OpenAI Agents SDK is OpenAI's open-source framework for agent loops, handoffs, guardrails, and sessions. Architecture, primitives, and how to trace it.

September 6, 2025

9 min read

openai-agents-sdk openai agent-framework agent-loop handoffs guardrails python open-source 2026

Table of Contents

A team is building a customer-support agent that answers most questions itself but hands off to a billing-specialist agent for invoice questions and a technical-specialist agent for API issues.

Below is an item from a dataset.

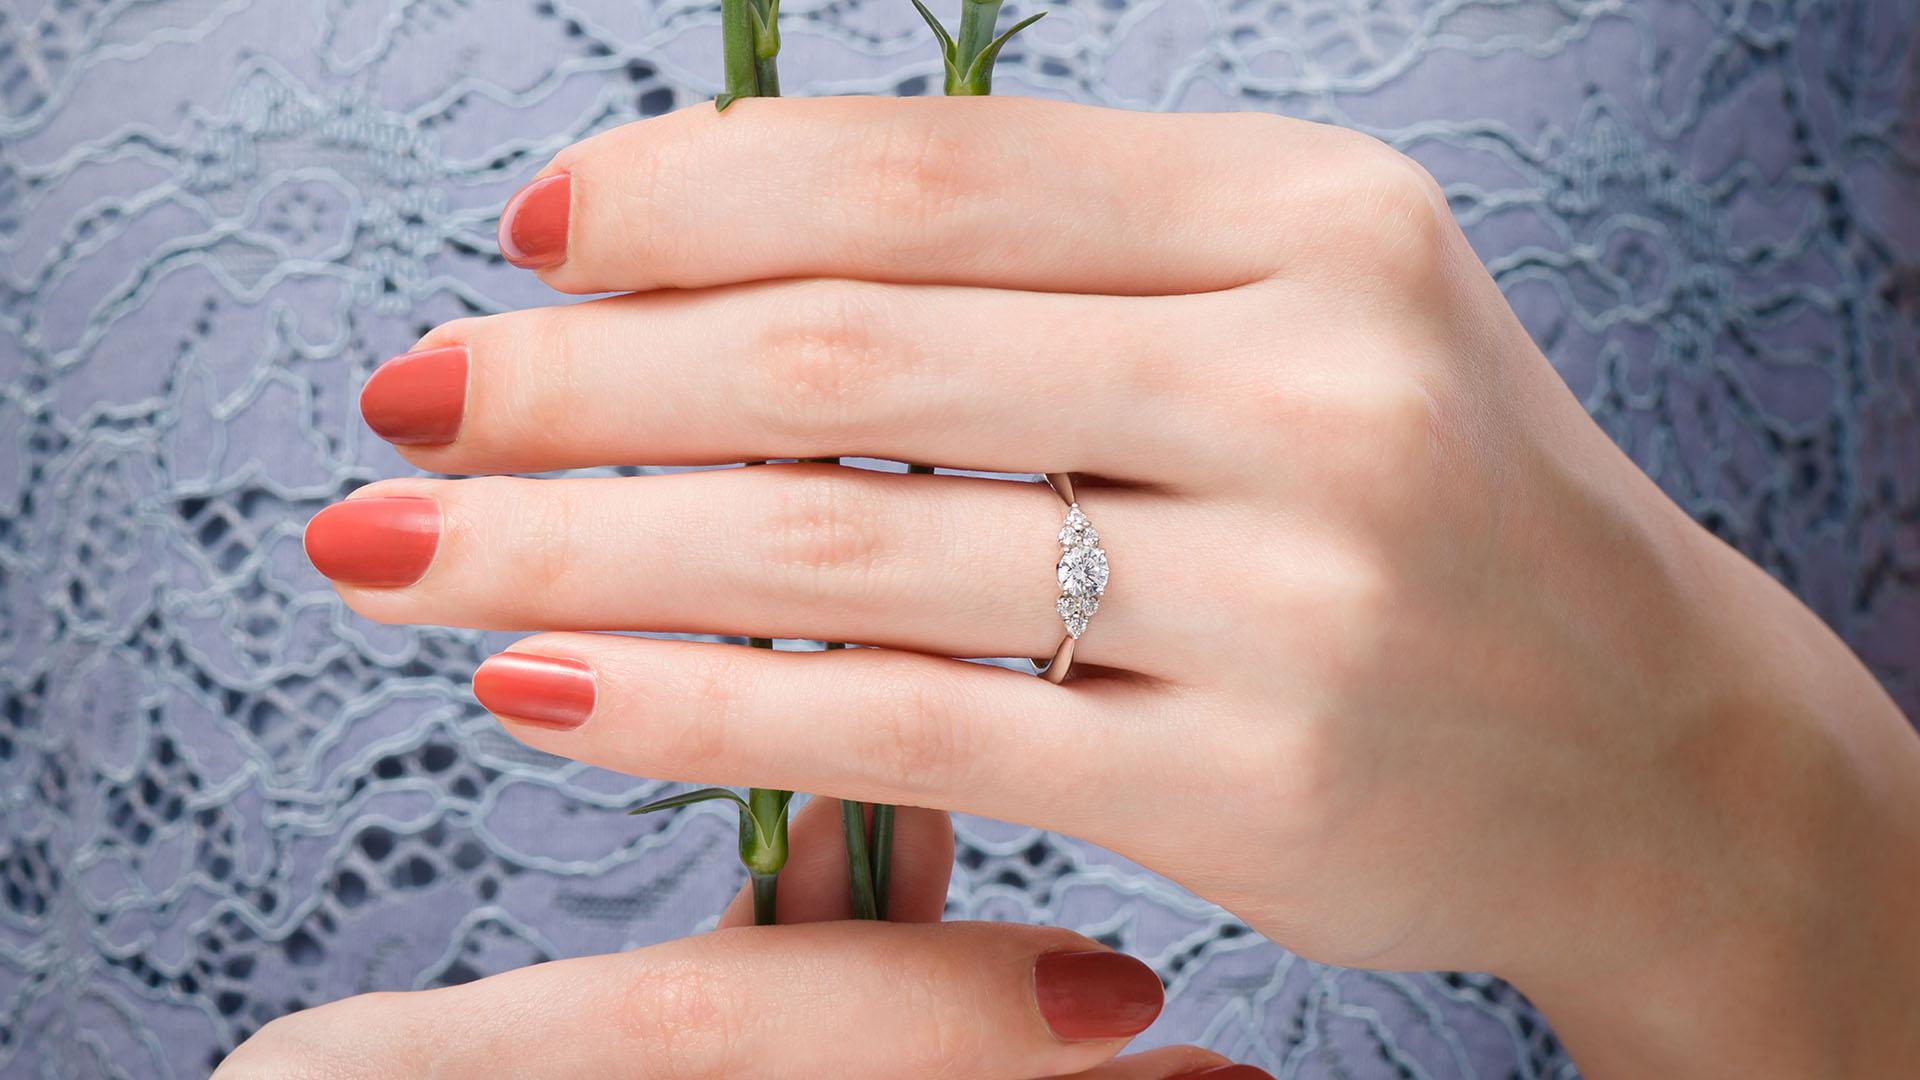 alcyone アルキオーネ   婚約指輪サムネイル 4

The Swarm prototype worked in October 2024 but had no tracing, no guardrails, and no production guarantees. The OpenAI Agents SDK release in 2025 brought the same conceptual model (agents with handoffs) plus the production primitives the team needed: built-in tracing, input and output guardrails, structured outputs, sessions, and a clear runner abstraction. For simple Swarm prototypes with a few handoffs and function tools, the migration is mostly API renaming plus adding session and tracing setup; complex flows with custom state, async behavior, or extensive evals require more work.

The OpenAI Agents SDK occupies a specific niche: production-grade single-agent-loops-with-handoffs. Where CrewAI is multi-agent and role-based, where LangGraph is graph-based, and where Pydantic AI is type-safety-first, the OpenAI Agents SDK is the OpenAI-native production framework for ReAct-style loops with delegation. This guide covers what it is, how its primitives work, how it compares to alternatives, and when to pick it.

TL;DR: What the OpenAI Agents SDK is

The OpenAI Agents SDK is an open-source MIT-licensed Python and TypeScript framework from OpenAI for building agent applications. The Python repo at github.com/openai/openai-agents-python has approximately 22,000 GitHub stars as of May 2026; the TypeScript port at github.com/openai/openai-agents-js ships a similar surface. The primitives are Agent (an LLM with instructions and tools), Handoff (delegation to another agent), Guardrail (an input or output validator), Runner (the execution loop), Session (a persistent conversation), and human-in-the-loop primitives for approving or pausing tool calls. The SDK is the production successor to Swarm and is the OpenAI-native path for agent applications.

Why the OpenAI Agents SDK matters in 2026

Three forces made it a baseline choice for OpenAI-first stacks.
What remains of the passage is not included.